За деревьями послышался задушенный смех, сдержанный горячий шопот и голоса:
— Вот мы!
— Ну, идите скорей, — крикнула нетерпеливо Машенька и, обернувшись к Федьке, сказала:
— Ты что на меня все зенки пялишь?
— Аль не знаешь? — усмехнулся Федька, — где больно, там рука, где мило, там глаза.
— А тебе не стыдно людей?
— А что мне их стыдиться? Все равно, любви да кашля от людей не спрячешь.
* * *
Приуныла вдруг Машенька: смола этот Федька, пристал — не отлепишь. Ну, какой он жених? Довольно она нагляделась на мужей пьяниц и картежников. Сколько на заводе таких-то? Еще одну несчастную хочет сделать? Нет, она не таковская. Уж если выберет себе мужа, так выберет настоящего. И будто не замечая серых пытливых глаз Федьки, она заговорила с подругами, опять сбила всех гурьбой и опять все пошли к Уступу.
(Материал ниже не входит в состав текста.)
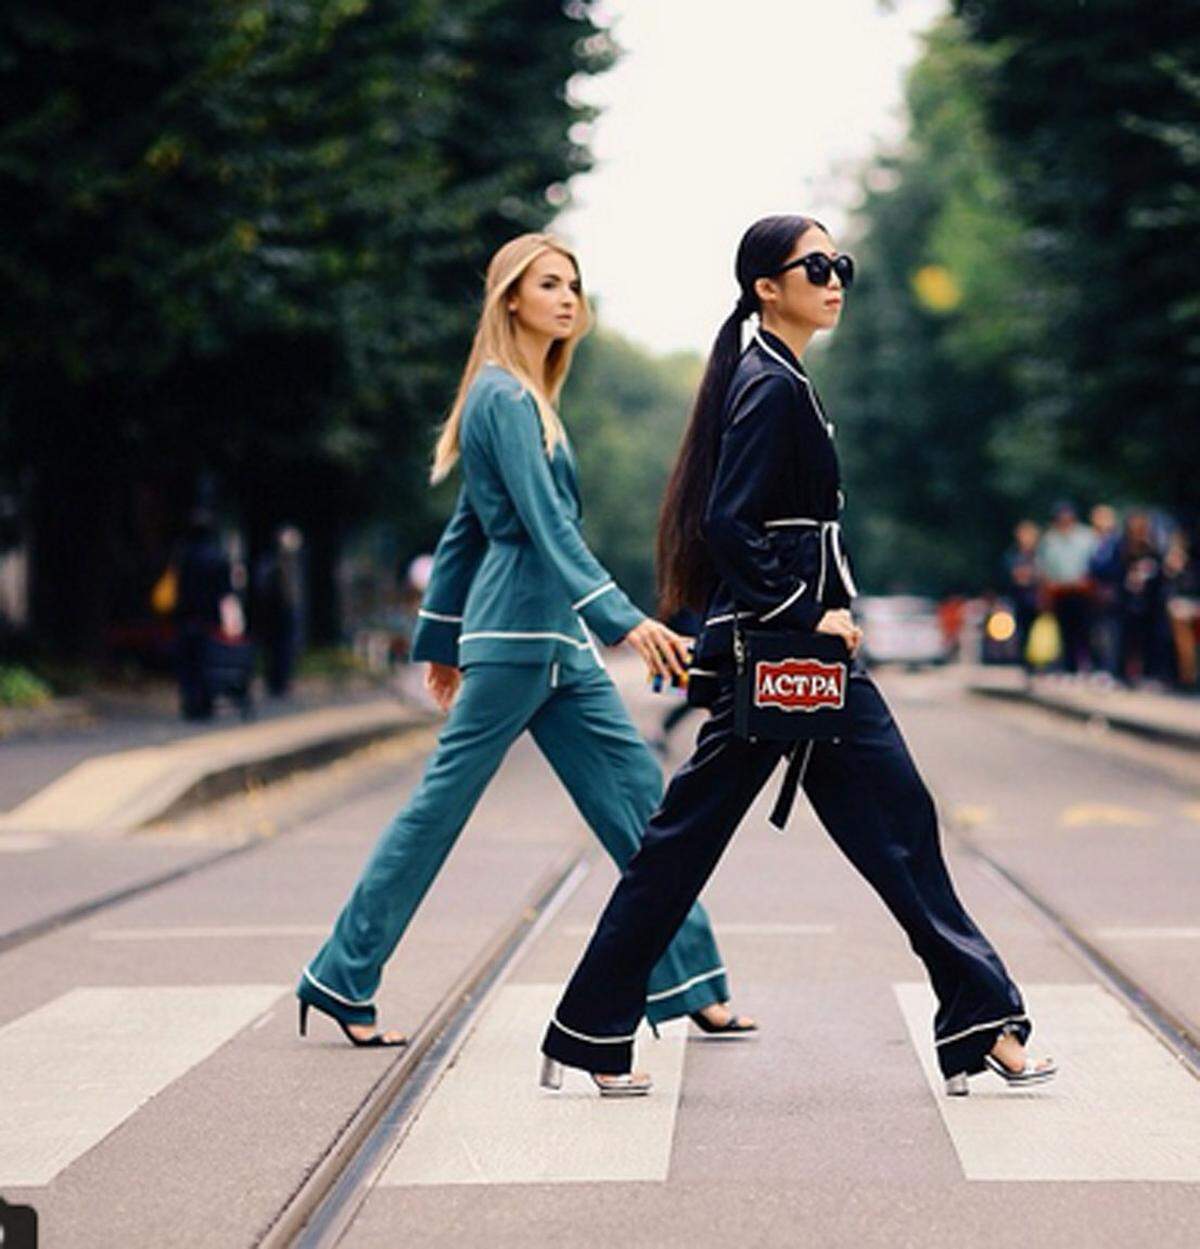 Den Look von Hugh Hefner nahmen sich die beiden Modebloggerinnen Maria Kolosova und Oksana On zum Vorbild.
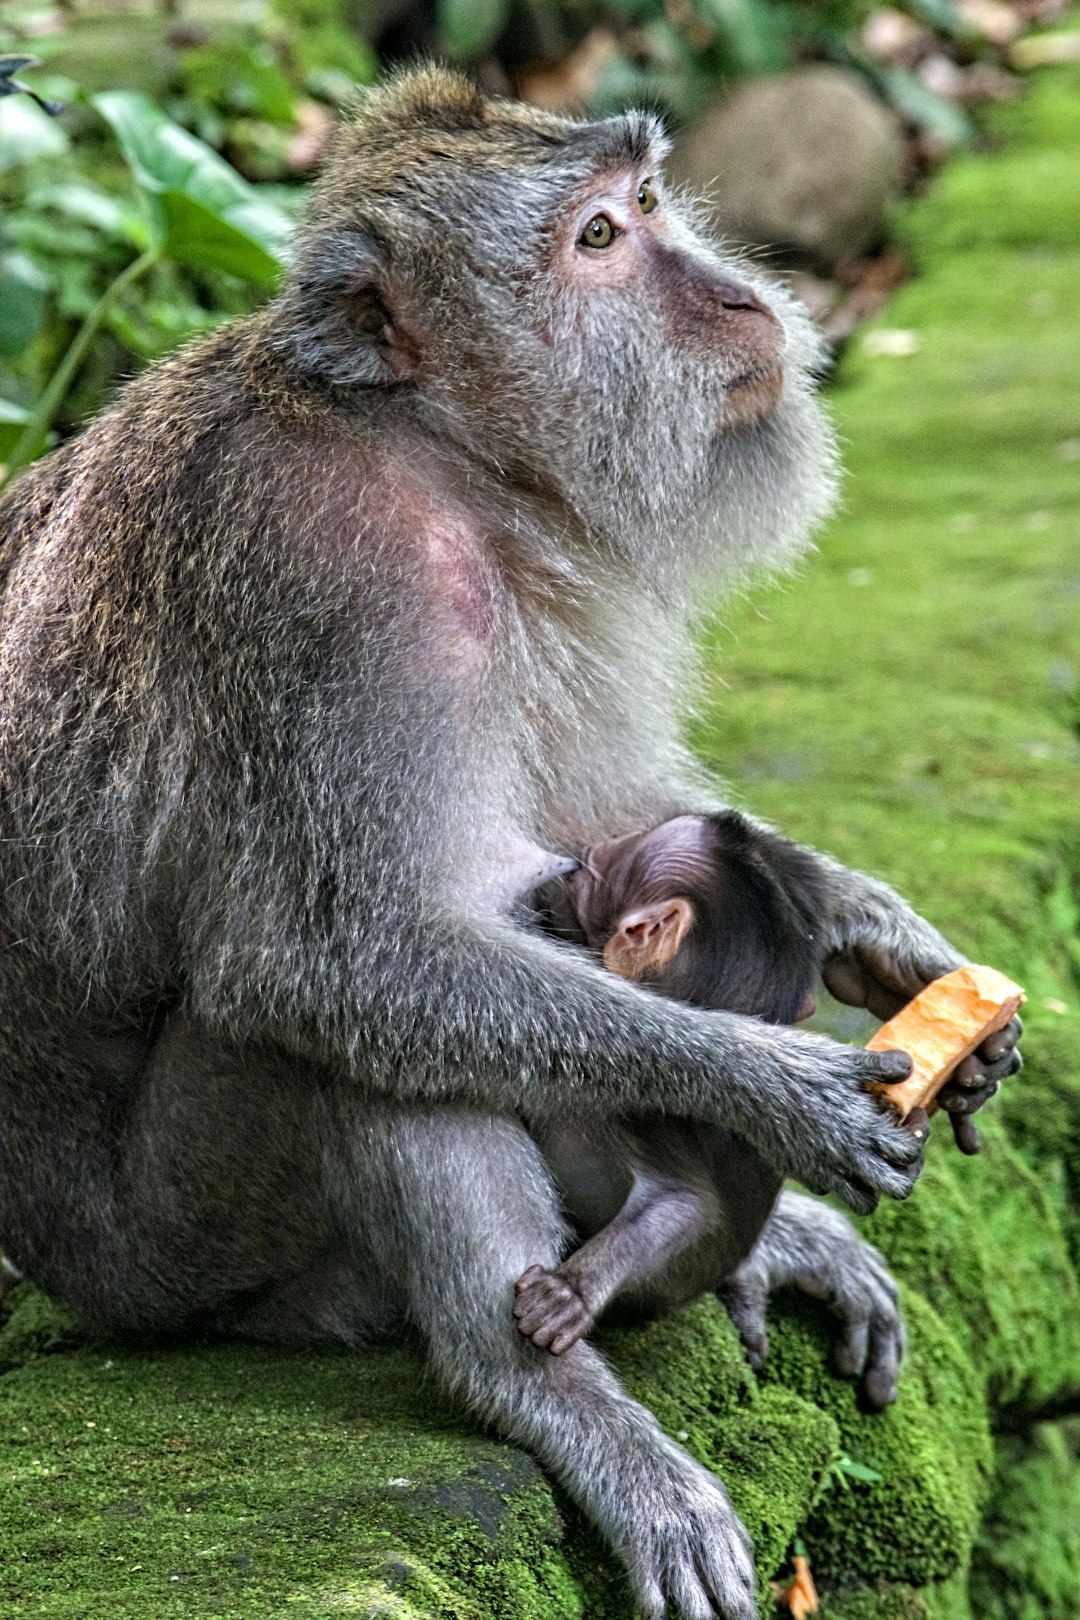 Wildlife photo spot Sacred Monkey Forest Sanctuary Bali

А Уступ за Сутягиным ключом. Так прозывался глубокий овраг, на дне которого бежит родниковый ручеек. Здесь когда-то городские и терсинские мужики подрались кольями из-за земли и лет сорок потом судились — сутяжничали. С тех пор ключ и прозван Сутягиным. Глубокий овраг, прохладный и дух такой в нем густой, весенний. Свернула с дороги Машенька, обрывистой тропкой сломя голову вниз пустилась бежать, а парни и подружки с хохотом, с криками — за нею. Даже земля загудела.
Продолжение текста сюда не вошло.